Do you mean before the missile detonates? That would tend to sully the jumper's reputation somewhat, no?

There are defensive measures.

Pilots have pistols.

I am not worried about this unlikely scenario at all.


----------



## daftandbarmy (3 Nov 2014)

That's what the Brylcreem is for: they grab your flowing locks so they can take off your head then, voom.... slick as a whistle off you go to freedom  ;D


----------



## pbi (3 Nov 2014)

Gronk: BZ. Well said. I second all the comments made in your favour here. In one neat stroke you have shut down most of the noise that passes for serious discourse about Canada's military role in the world, whether this noise comes from the media, the masses, or the sitting Govt.


----------



## Ex-Dragoon (3 Nov 2014)

Very well put. Thank you for sharing.


----------



## dimsum (3 Nov 2014)

Has anyone actually shared it with the wider (national) media, or is it still only in the local WH paper and army.ca?  

Although, I'm sure some journos are reading this as I type.


----------



## Eye In The Sky (4 Nov 2014)

Loachman said:
			
		

> Do you mean before the missile detonates? That would tend to sully the jumper's reputation somewhat, no?
> 
> There are defensive measures.



Might earn the pilot a new call sign like "Eeek!" or "Flinch".
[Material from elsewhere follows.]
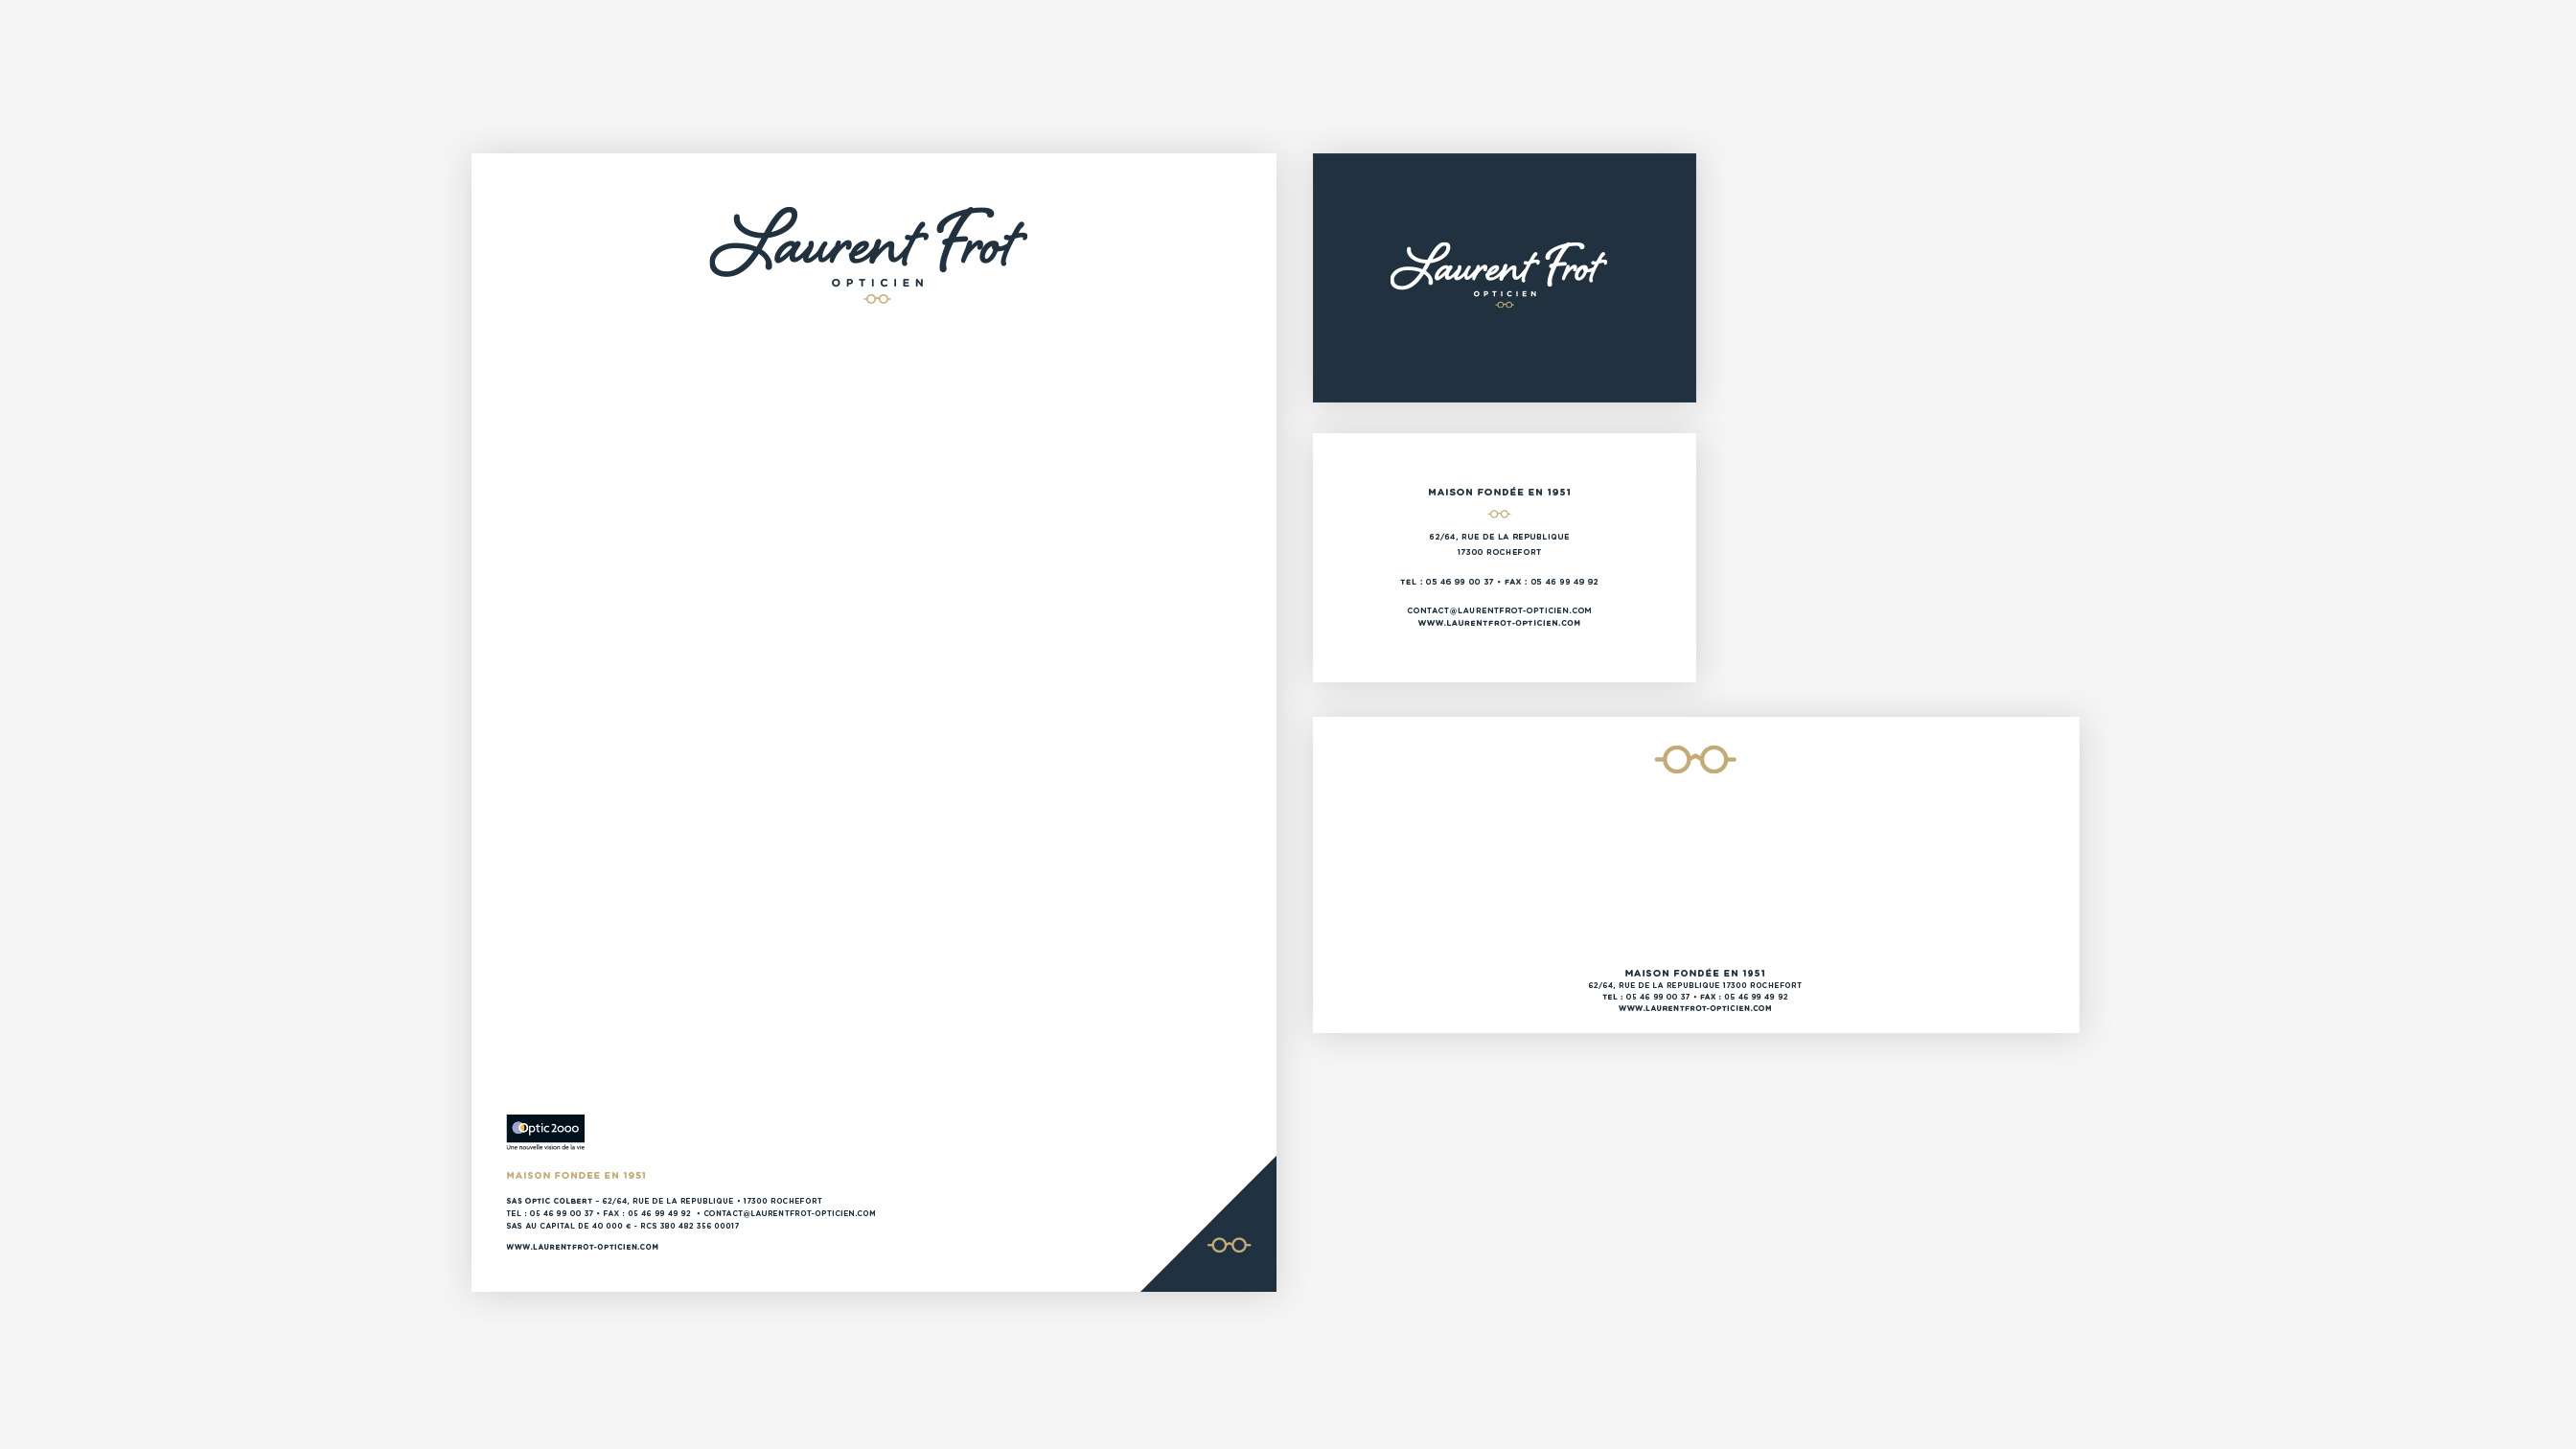 07-laurent-frot-opticien-pikteo-webdesign-graphic-design-freelance-paris-bruxelles-londres

What a bad day you'd be having if you got shot down by a SAM and your ejection seat failed...I would be wondering if I was aiming high for a decent canopy at that point.   

 8)


----------



## Colin Parkinson (5 Nov 2014)

s2184 said:
			
		

> Today I saw two different news items related to ISIS & Canada.
> 
> 1- Canada's first air strike against ISIS target
> 2- Iraq commander said Our Fighter Jets are vulnerable for enemy attacks
> ...



I would be more worried if one of our Aurora's goes down over bad guy territory, it would be difficult to rescue the entire crew. I am assuming the US have their PJ's teams handy?


----------



## dimsum (5 Nov 2014)

Colin P said:
			
		

> I would be more worried if one of our Aurora's goes down over bad guy territory, it would be difficult to rescue the entire crew. I am assuming the US have their PJ's teams handy?



I would imagine that CSAR was one of the first considerations for the coalition, but that's just me.


----------